As you walk, take in the views of the active railroad line on the left of the trail. This is the re-route to the larger tunnel that replaced the Blue Ridge Tunnel in 1944.

Placard: National Historic Civil Engineering Landmark

Close to the tunnel entrance at the 0.6-mile mark, you’ll see an award given to the Crozet Blue Ridge Tunnel as a National Historic Civil Engineering Landmark.

Because this is a tunnel, it will get dark and there is no lighting inside the tunnel. I suggest that you bring a headlamp or a flashlight. It gets very dark.

Blue Ridge Tunnel

It gets quite cool inside this tunnel in the Shenandoah Valley, too. Year-round temperatures inside the tunnel, even on the hottest summer days, run in the 50s. 

Given the chilly temps inside the tunnel, it’s no surprise that this hike near the start of the Blue Ridge Parkway has been called the “Coolest Hike in Virginia” 

You’ll walk 0.9-mile through Afton Mountain by way of the Blue Ridge Tunnel. Switch on your headlamp to ensure safe passage to the other end of the tunnel.

As you enter the tunnel from the east, the entrance is more rocky. From the west, the entrance is a stone-lined arch crafted by expert Irish stonemasons.

Blue Ridge Tunnel Trail

Exit the tunnel at the 1.5-mile mark. From here, ascend the trail to the parking area at the 2.3-mile mark. It’s a little up, a little down to the West Trailhead.

The trail on the west side of the Claudius Crozet Blue Ridge Tunnel (another name for the tunnel) winds through mature forest and is steep in some sections.

Blue Ridge Tunnel Trail: West Entrance

From the West Trailhead in Waynesboro, re-trace your steps to the parking area for the East Trailhead in Afton. Your hike is complete at the 4.6-mile mark.

Wrap-Up Notes

From the East Trailhead parking area, this hike through the Blue Ridge Tunnel in Virginia took me 90 minutes to complete, including time reading up on its history.

Blue Ridge Tunnel: East Trailhead Sign

You will want to start from the east entrance in Afton (215 Afton Depot Lane). There are many parking spots and the trail from the east is fully-accessible.

If you start from the west entrance in Waynesboro, the address is 483 Three Notched Mountain Highway. Get ready for a steep descent from the get-go.

There is a Blue Ridge Tunnel trail map on each of the large trailhead signs – East and West.
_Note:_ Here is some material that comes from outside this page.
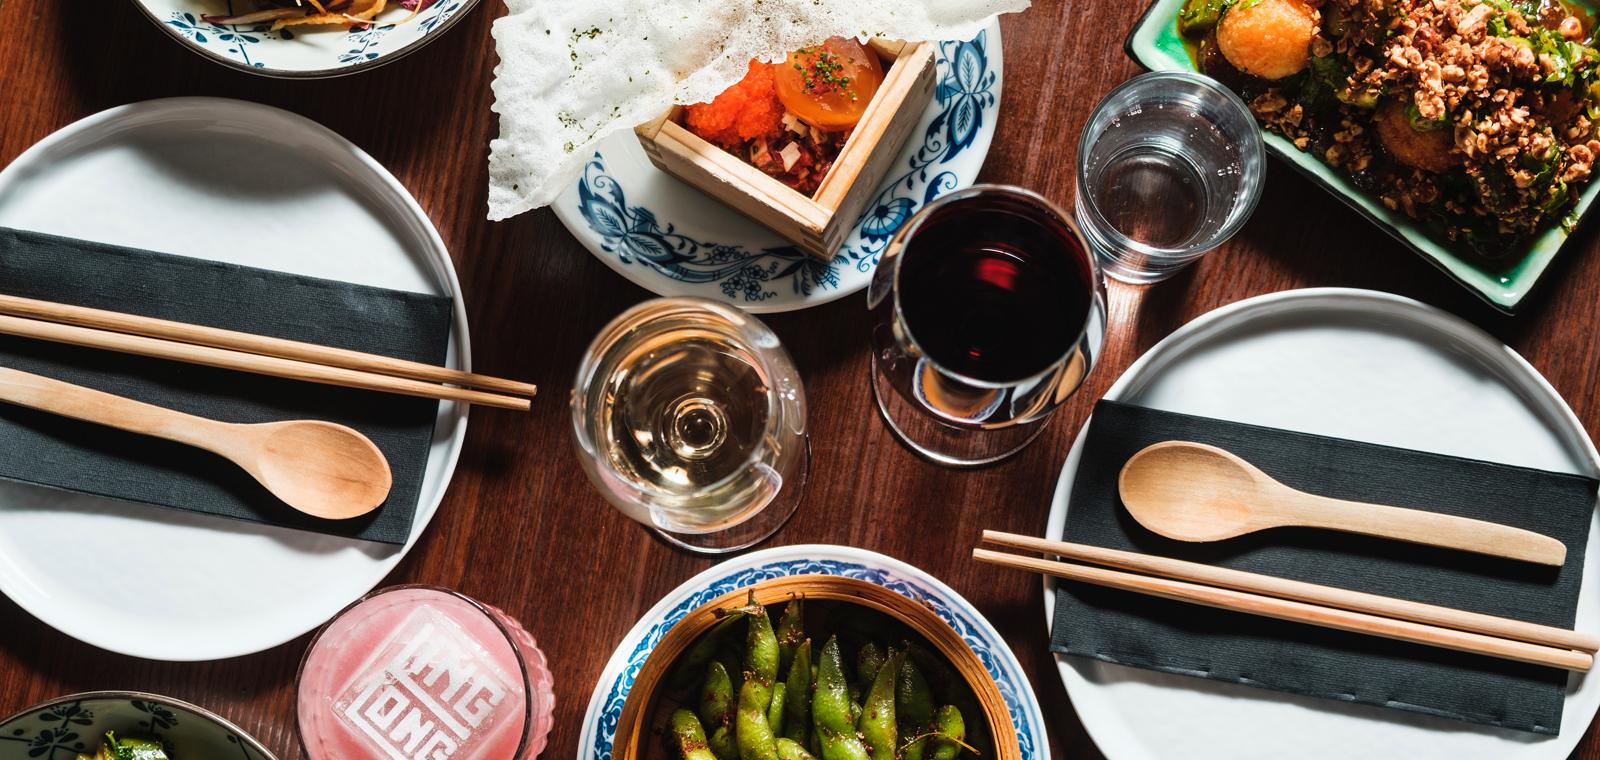 ARNJD-LingLong-food

There is also a mileage marker along this public trail every 0.25-miles.

For more area hikes, check out a few of my favorite hikes near Staunton, hikes near Charlottesville and hikes near Waynesboro.

Documentary: The Tunnel 

Blue Ridge Tunnel Trail, Mile Marker

For railroad enthusiasts who want to learn more about the Blue Ridge Tunnel, check out The Tunnela 35-minute documentary from American Focus Films.

This documentary film on this historic tunnel in Virginia’s Blue Ridge Mountains was released in March 2021 and is available to watch for free on YouTube. 

The short film follows the story of the train tunnel’s creation and re-creation, including challenges experienced by Irish immigrants who dug this long tunnel.